• _Task objective_
Give a verbatim copy of the data, leaving the pictures out.

++++ Supplied entries ++++

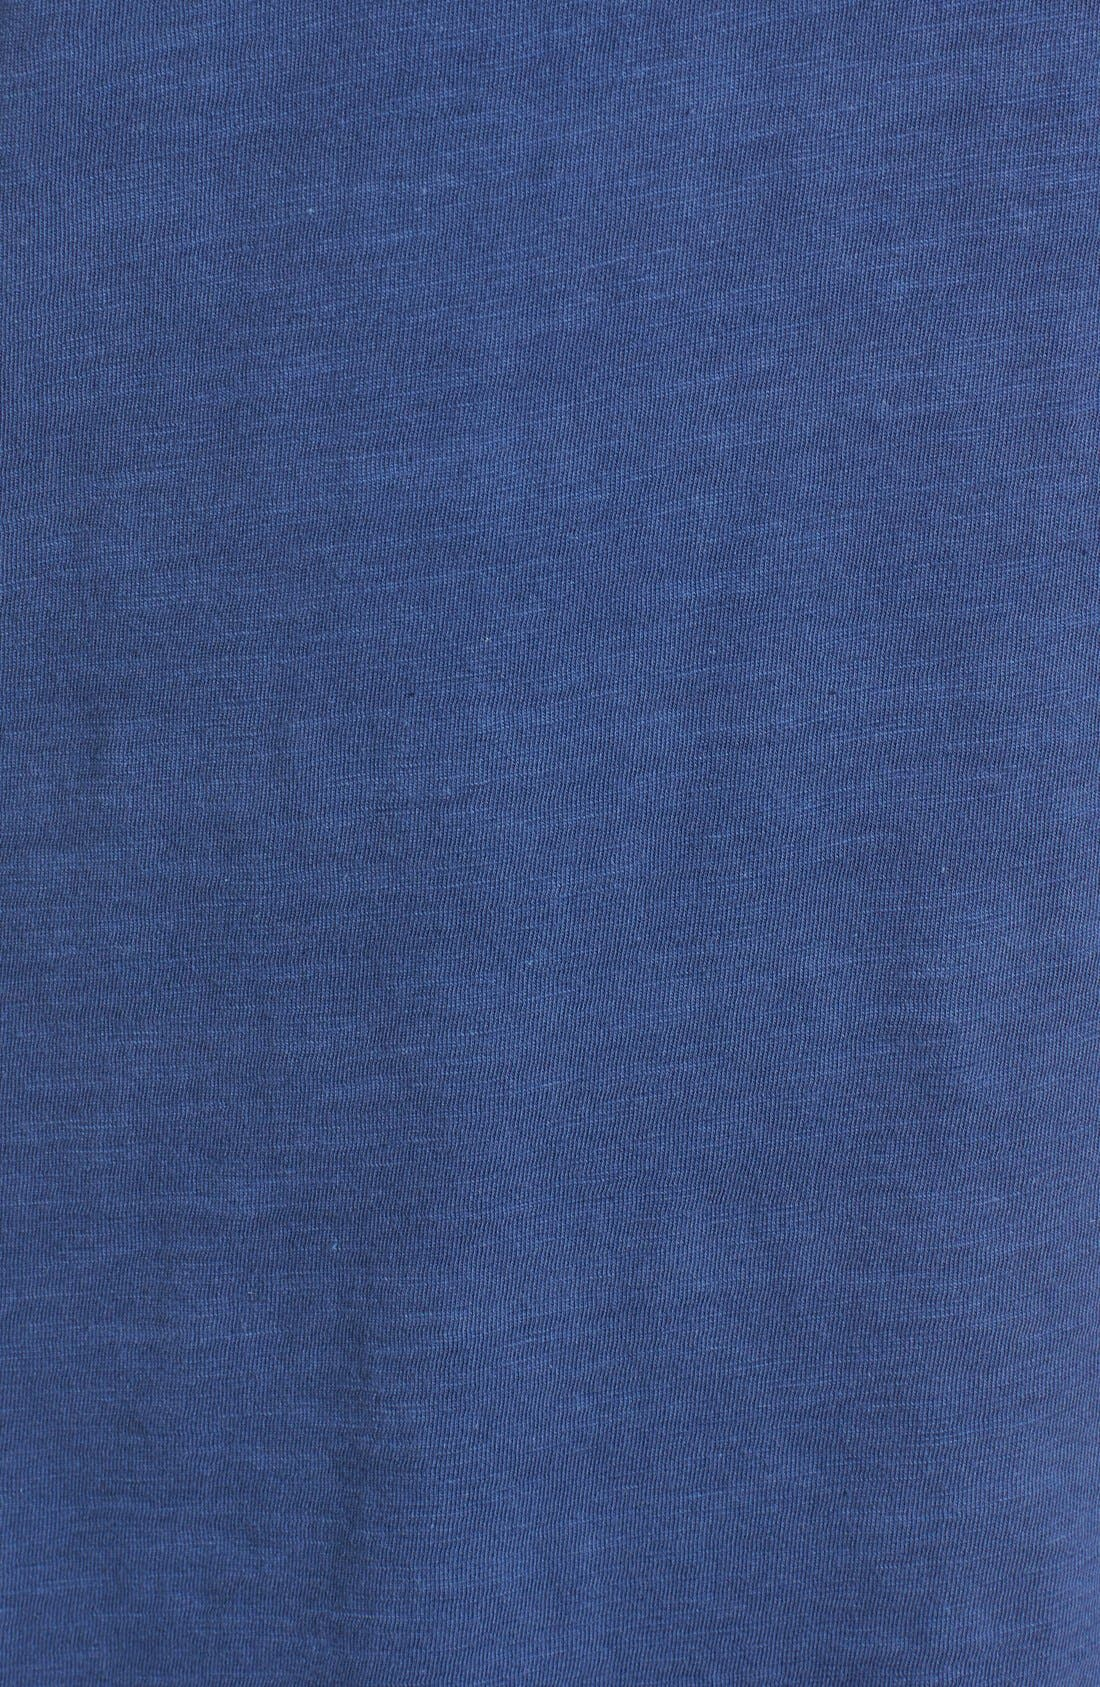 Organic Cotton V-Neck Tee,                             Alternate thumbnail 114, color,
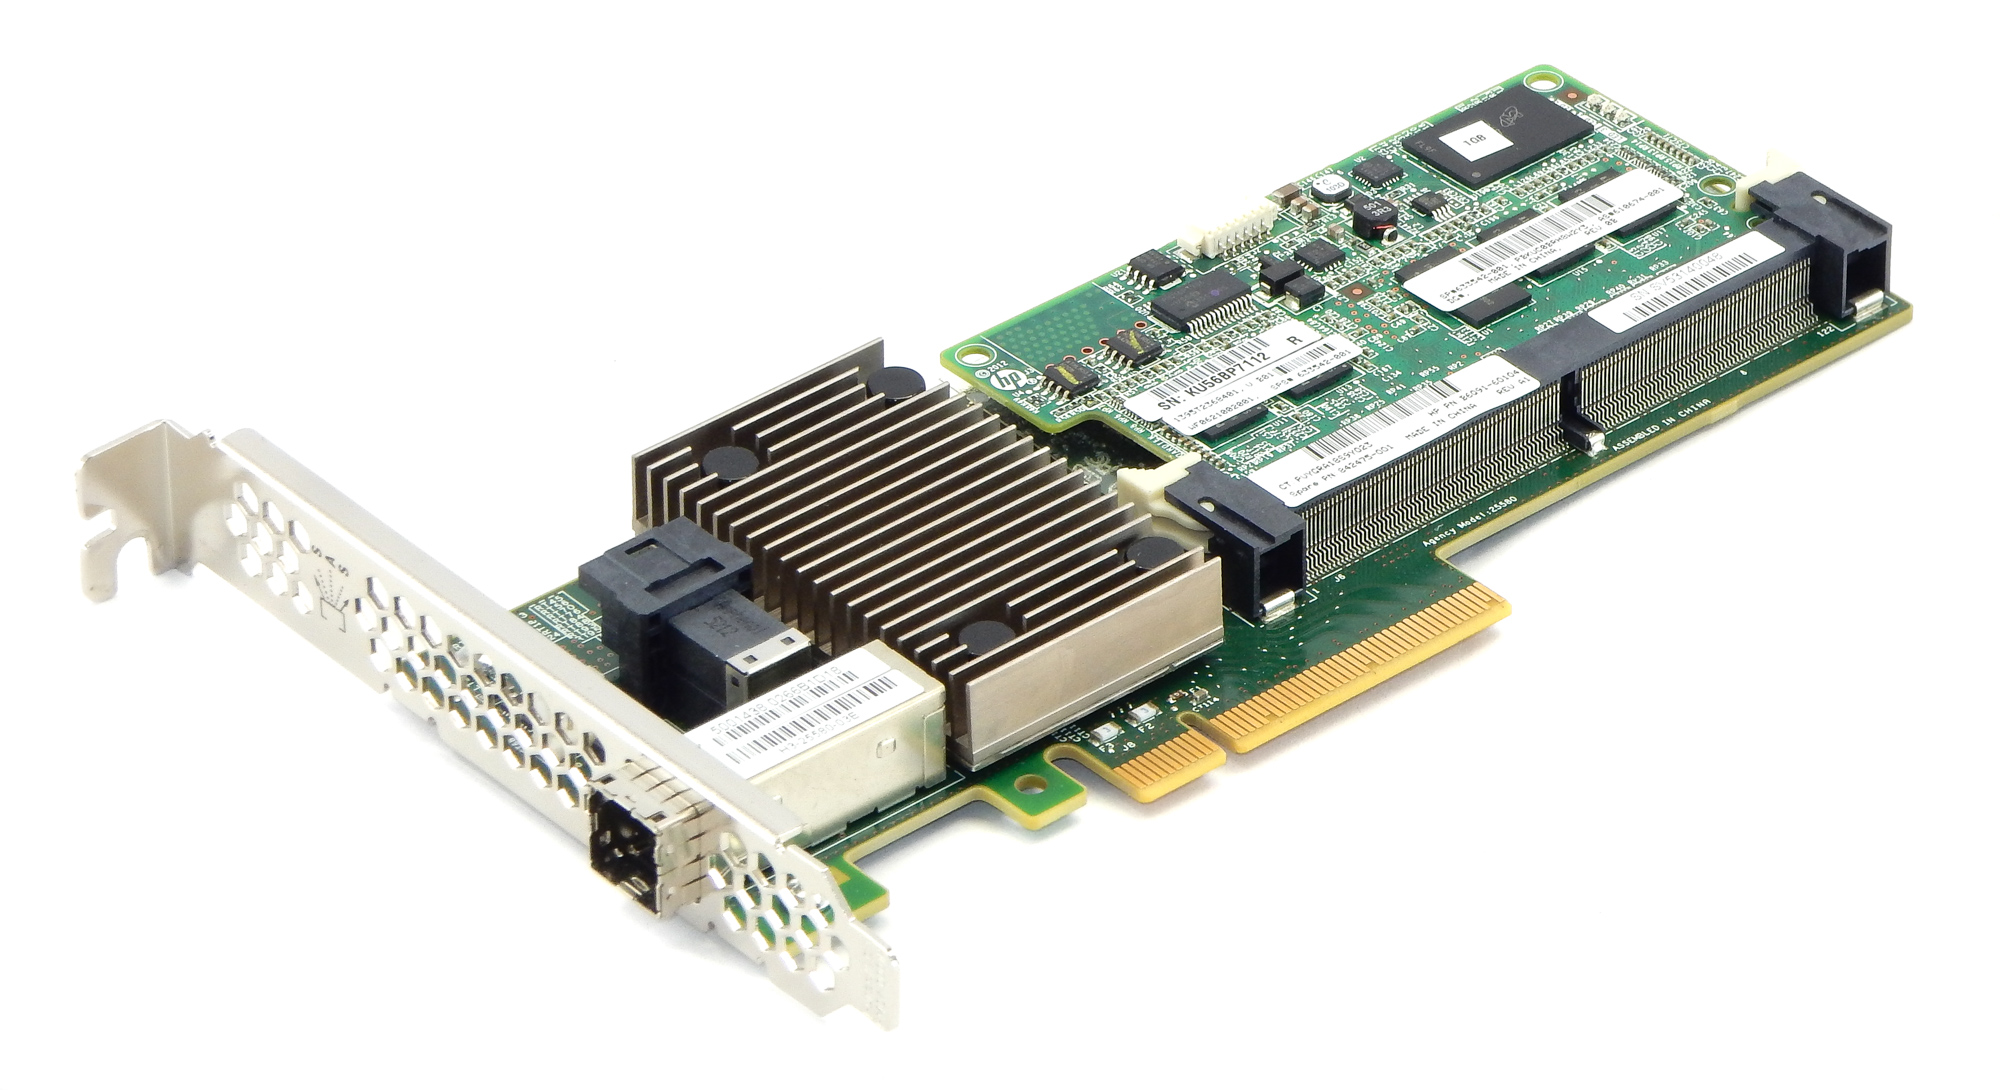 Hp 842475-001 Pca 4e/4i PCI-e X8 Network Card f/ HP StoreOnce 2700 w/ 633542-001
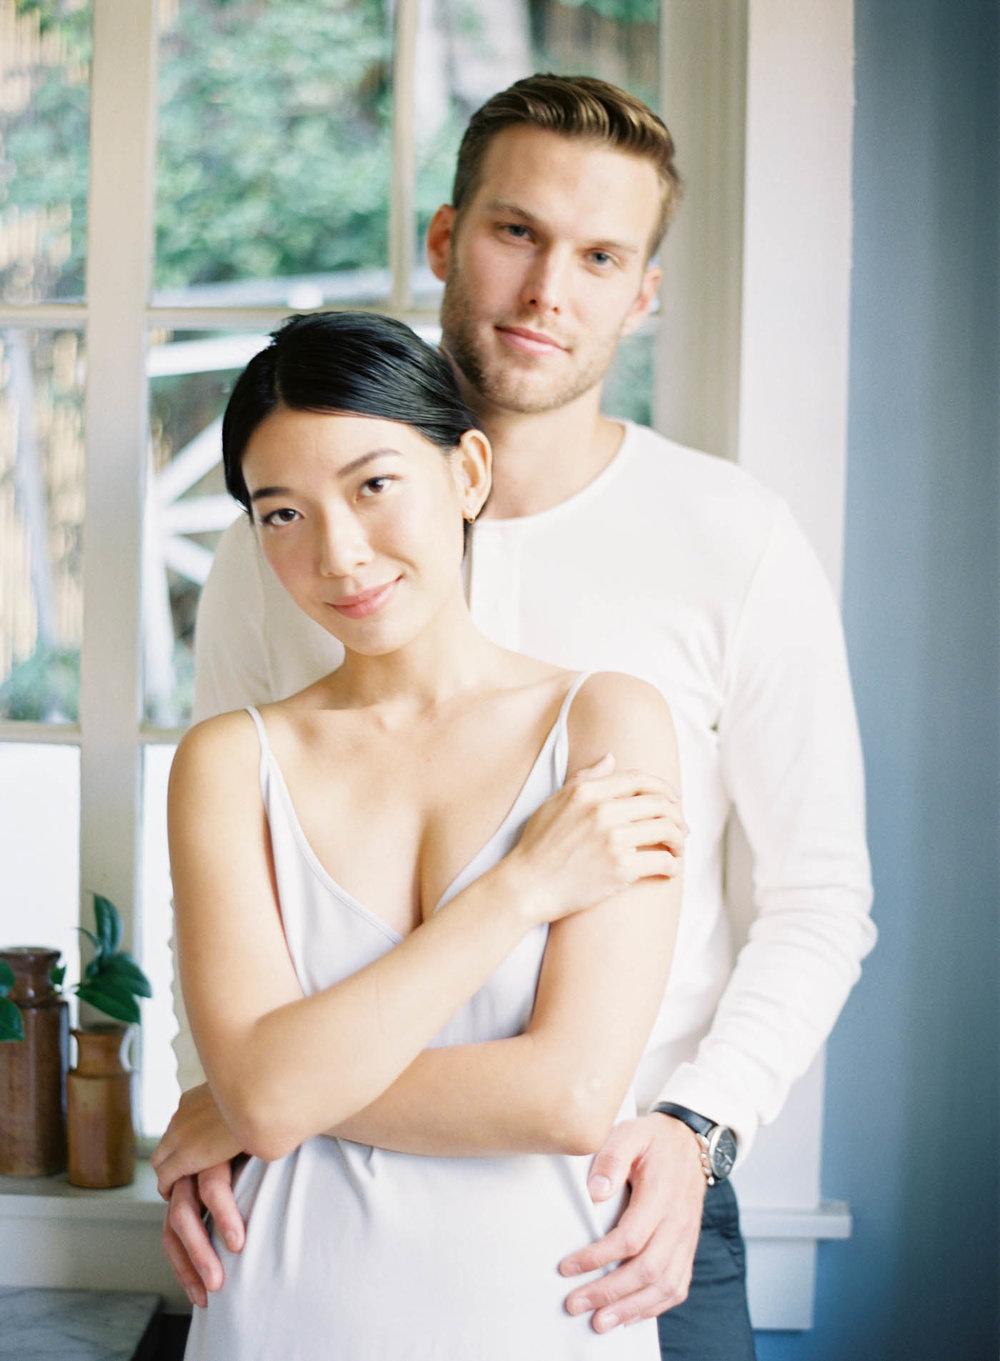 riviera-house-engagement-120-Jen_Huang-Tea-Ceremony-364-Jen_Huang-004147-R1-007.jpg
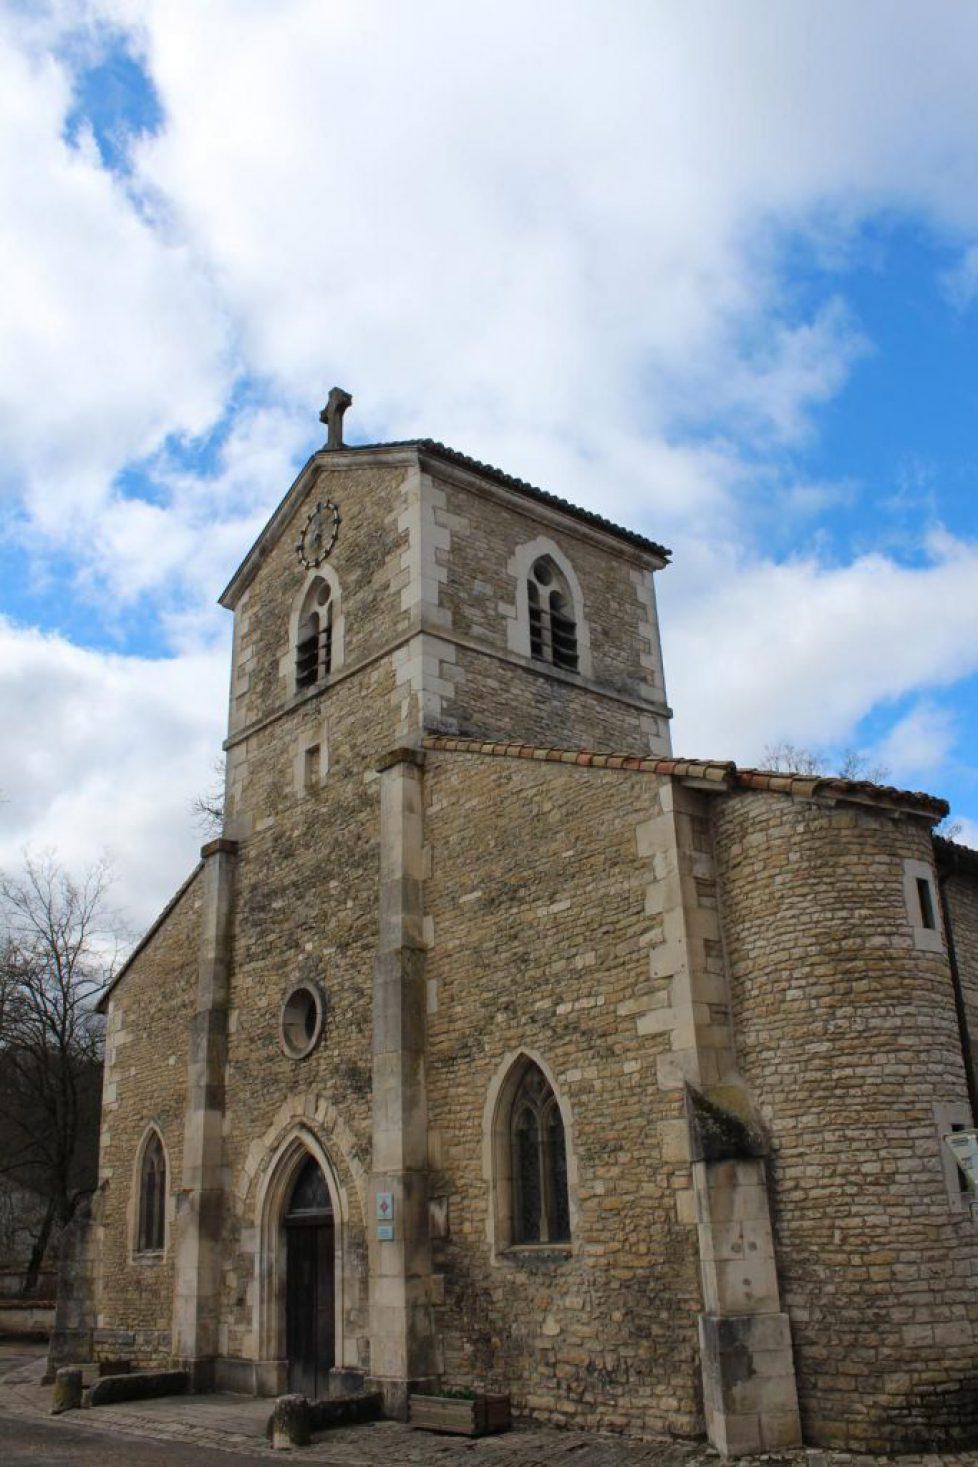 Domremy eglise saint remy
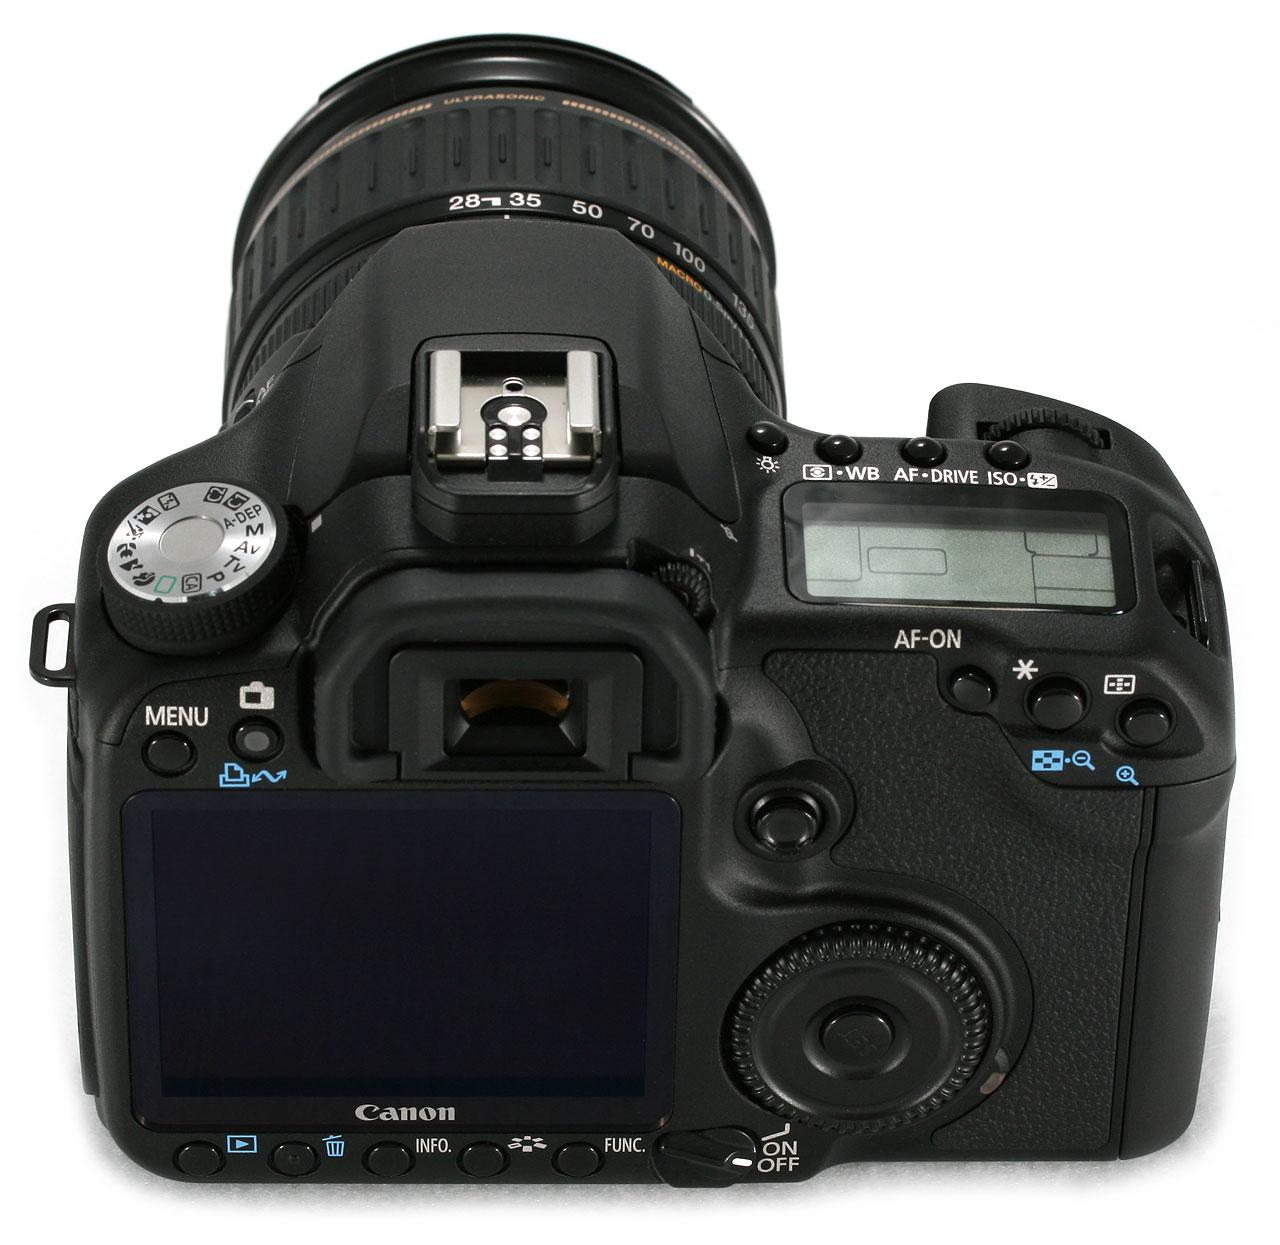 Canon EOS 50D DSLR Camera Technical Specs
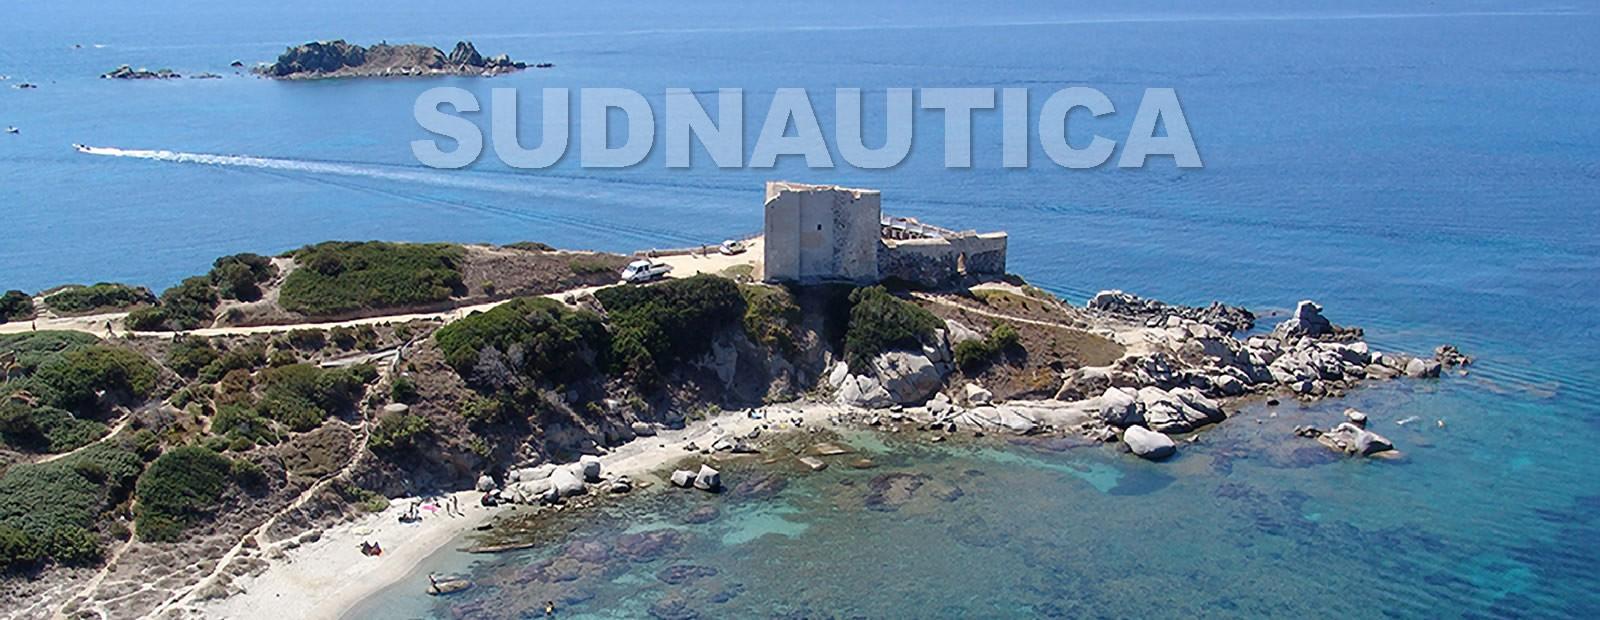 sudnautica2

++++

• _The answer_
 Organic Cotton V-Neck Tee,                             Alternate thumbnail 114, color,
 Hp 842475-001 Pca 4e/4i PCI-e X8 Network Card f/ HP StoreOnce 2700 w/ 633542-001
 riviera-house-engagement-120-Jen_Huang-Tea-Ceremony-364-Jen_Huang-004147-R1-007.jpg
 Domremy eglise saint remy
 Canon EOS 50D DSLR Camera Technical Specs
 sudnautica2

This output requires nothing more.